I knew I recognised those from something
I’m pretty sure they were scrapped because they were too heavy and sunk into most roads
@@martinadini4142 they were even on the moon
This is Metal Gear we talking about, even Kojima himself had a hard time to summarized the story
Fun fact:
The multiple tanks in the factory were actually considered as anti-nuke tanks. They would’ve been made to withstand nuclear shockwaves.
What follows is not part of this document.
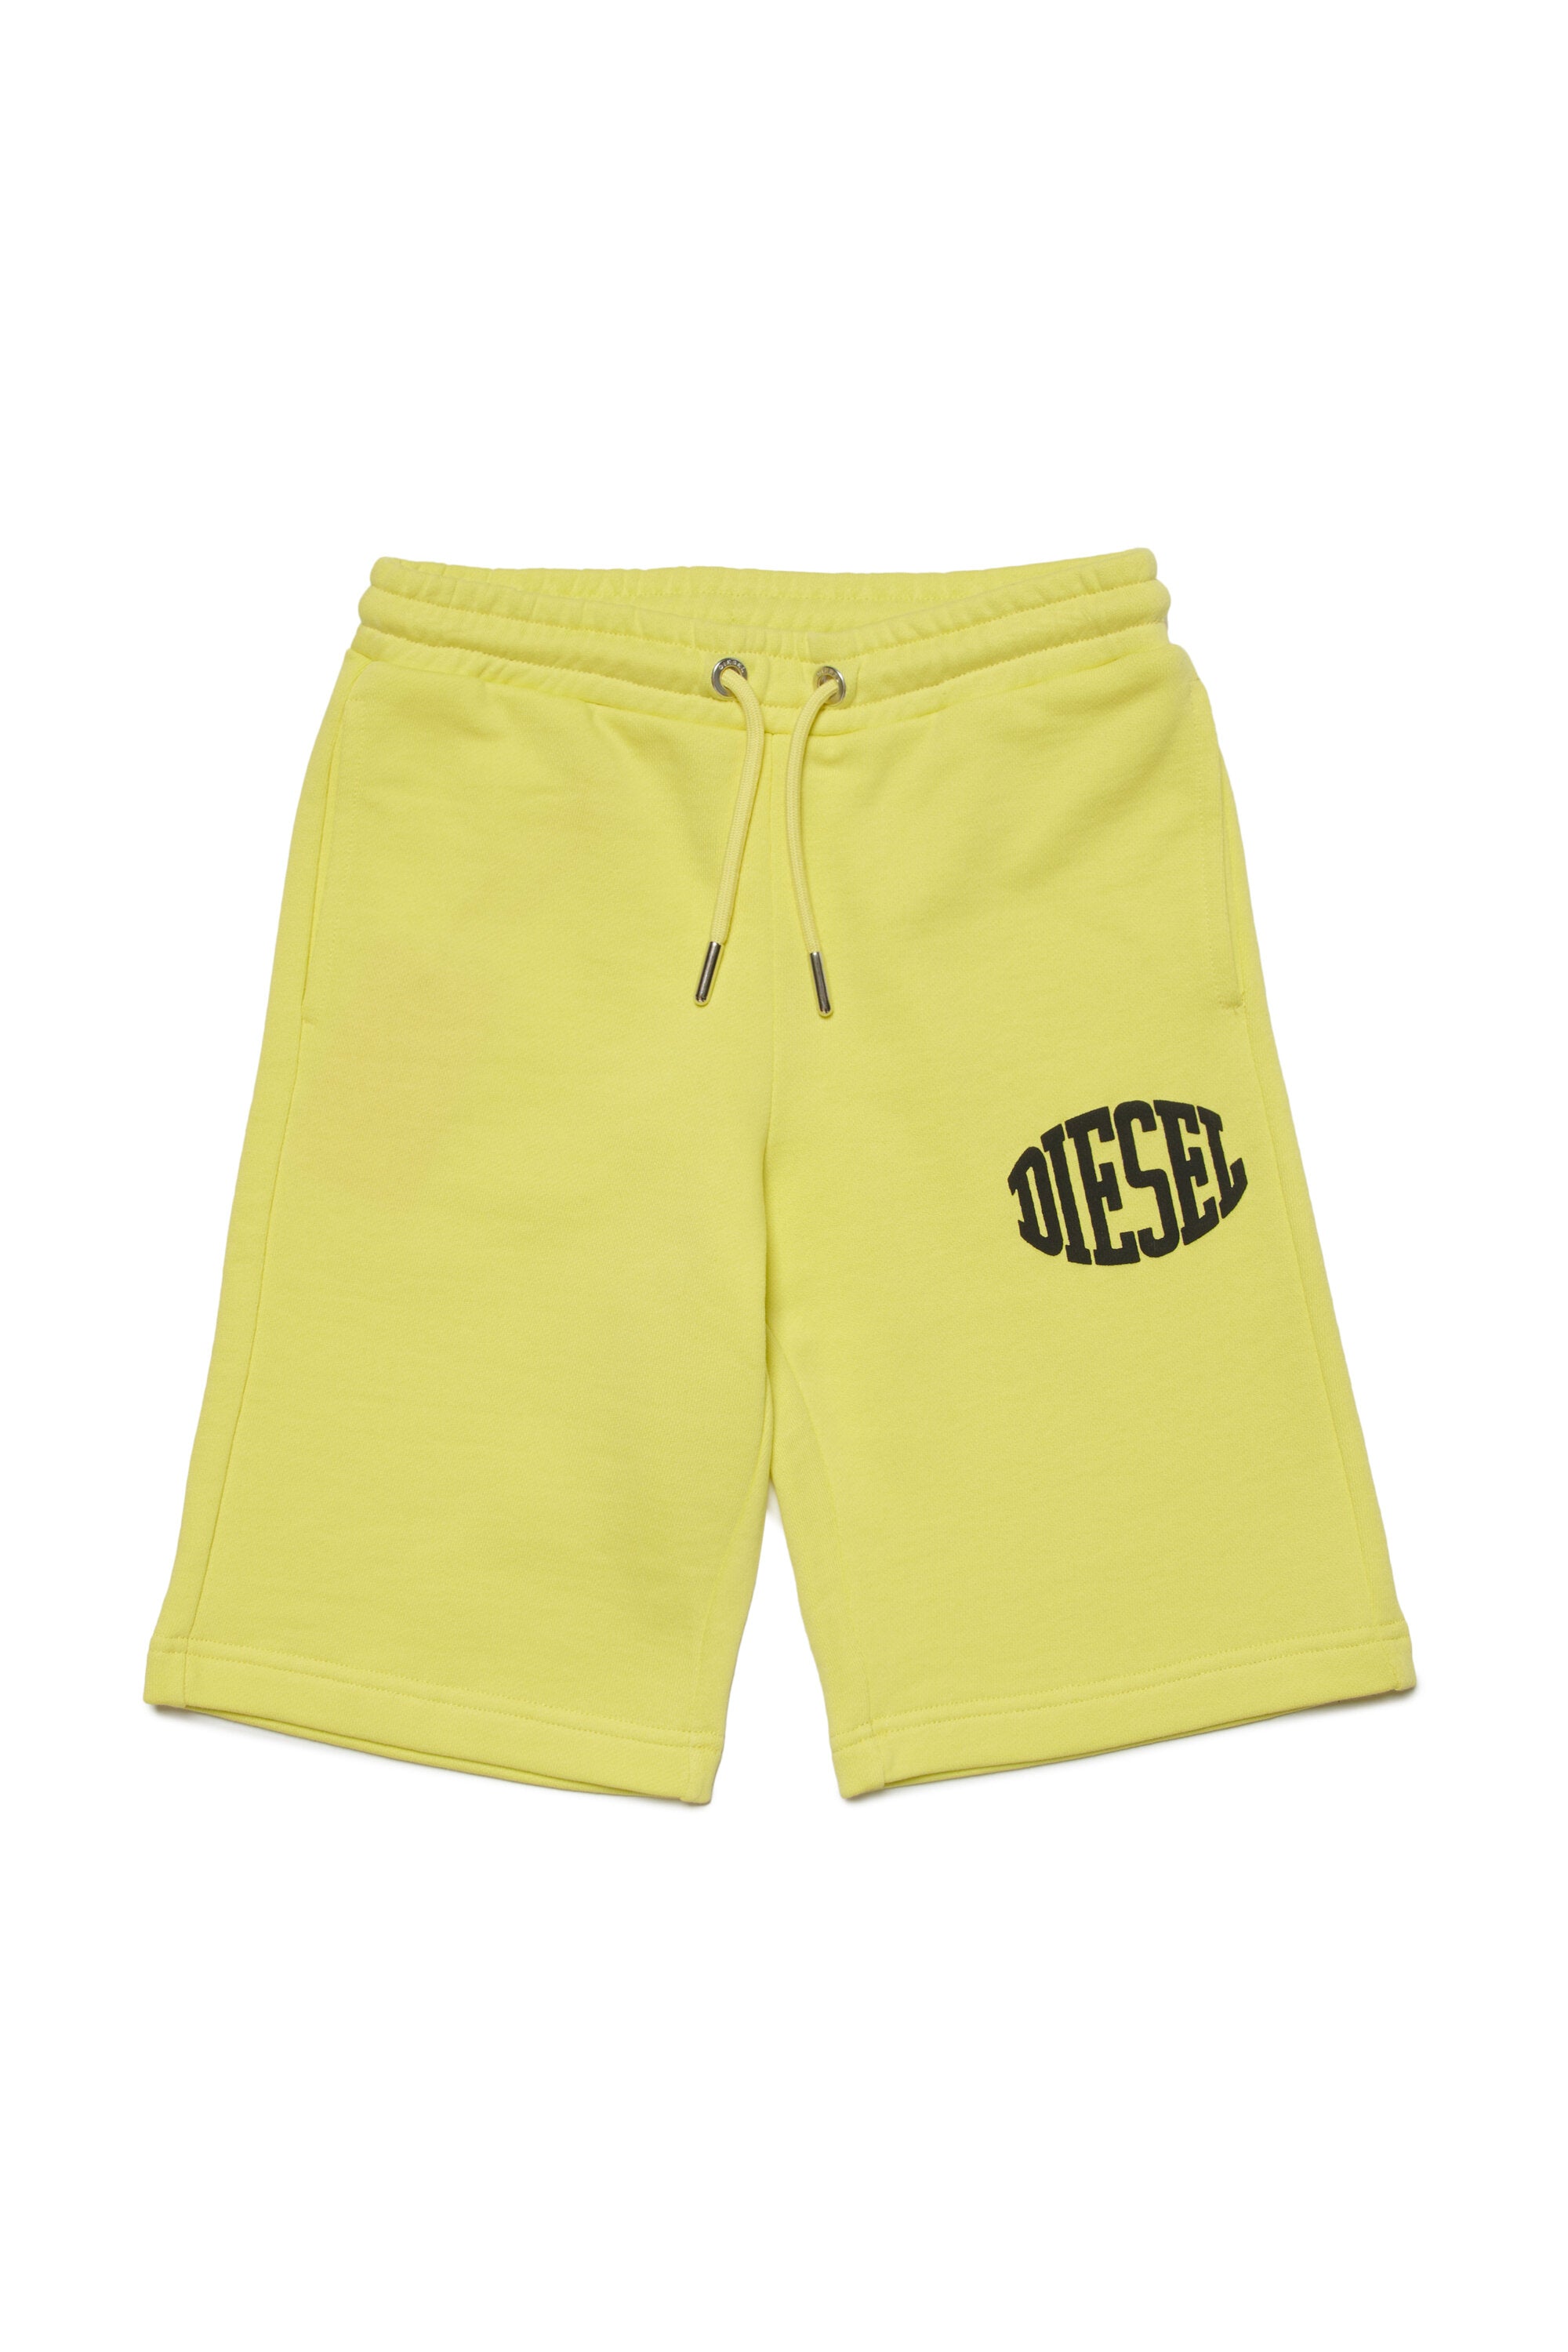 Diesel Kids Oval-D fleece cotton shorts - Yellow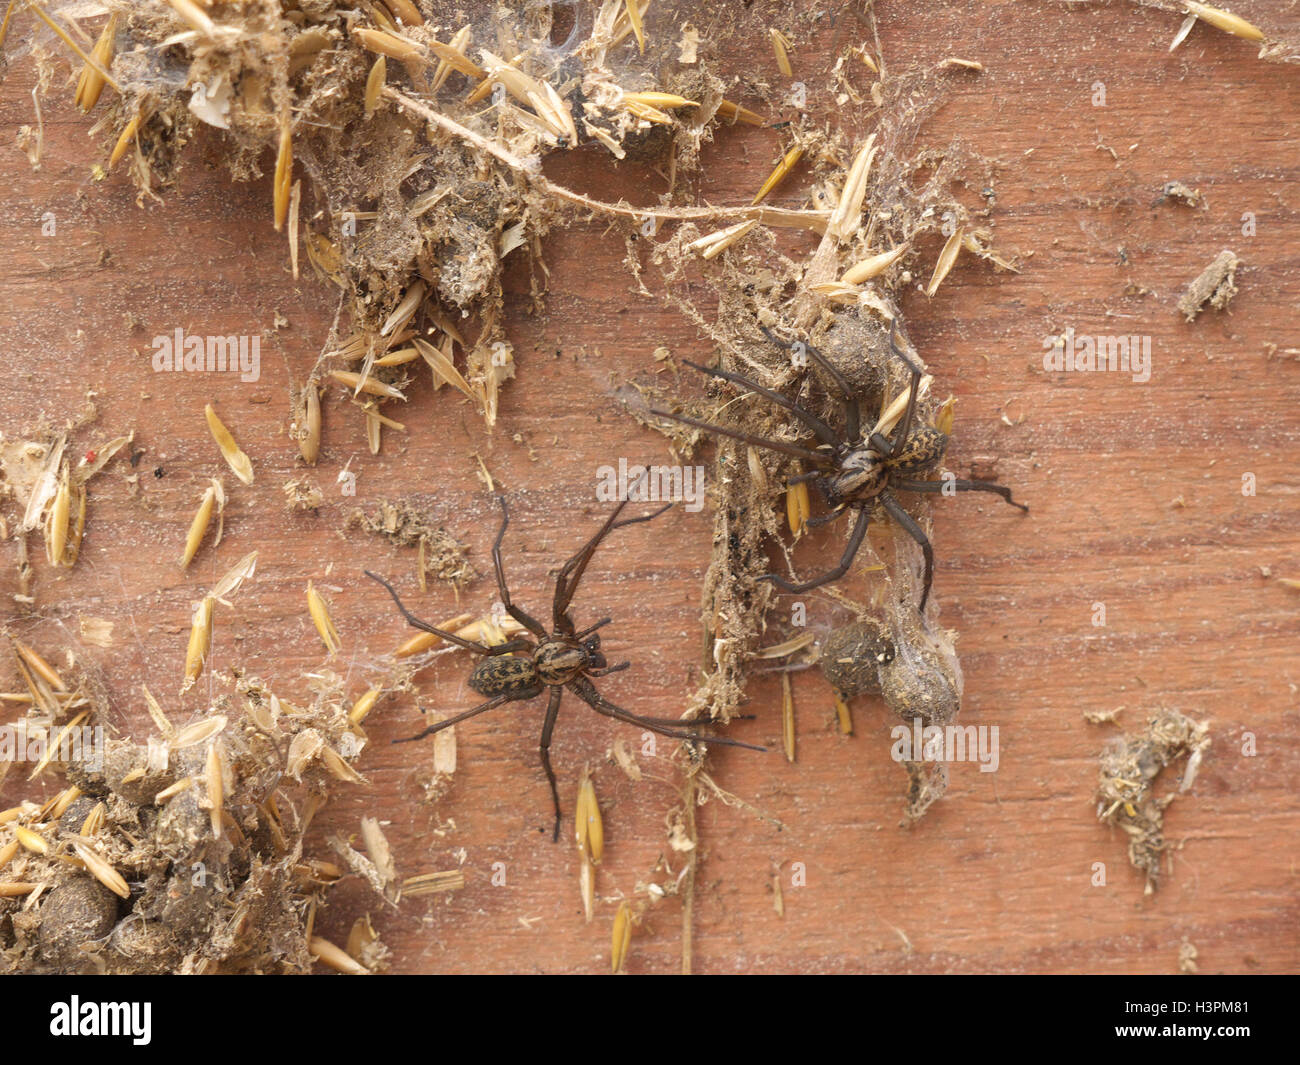 Two common House Spiders (Eratigena Atrica formally Tegenaria gigantea ) about to fight Stock Photo

They weren’t ever put into production though and only 1 prototype was made.
Jesus, you really know your planet!
*That's a nice argument messiah, why don't you back it up with a source...*
@@mr.burnsgaming8985 look it up it's russian and it's called object (insert number i don't remember)
@@Camilo_Z 279
@@gagida1829 Yes, that
The best joke in this video is Maxor pointing out that the game "doesn't trust you (the player) to figure out how to remove the 'heroin' " during the Fear fight - while Maxor then continues to play the rest of the game with the arrow stuck in him.
"The _game?_ ...Well, I'll be damned."
Hey, in his defense, they only told you to remove the heroin, not the arrow.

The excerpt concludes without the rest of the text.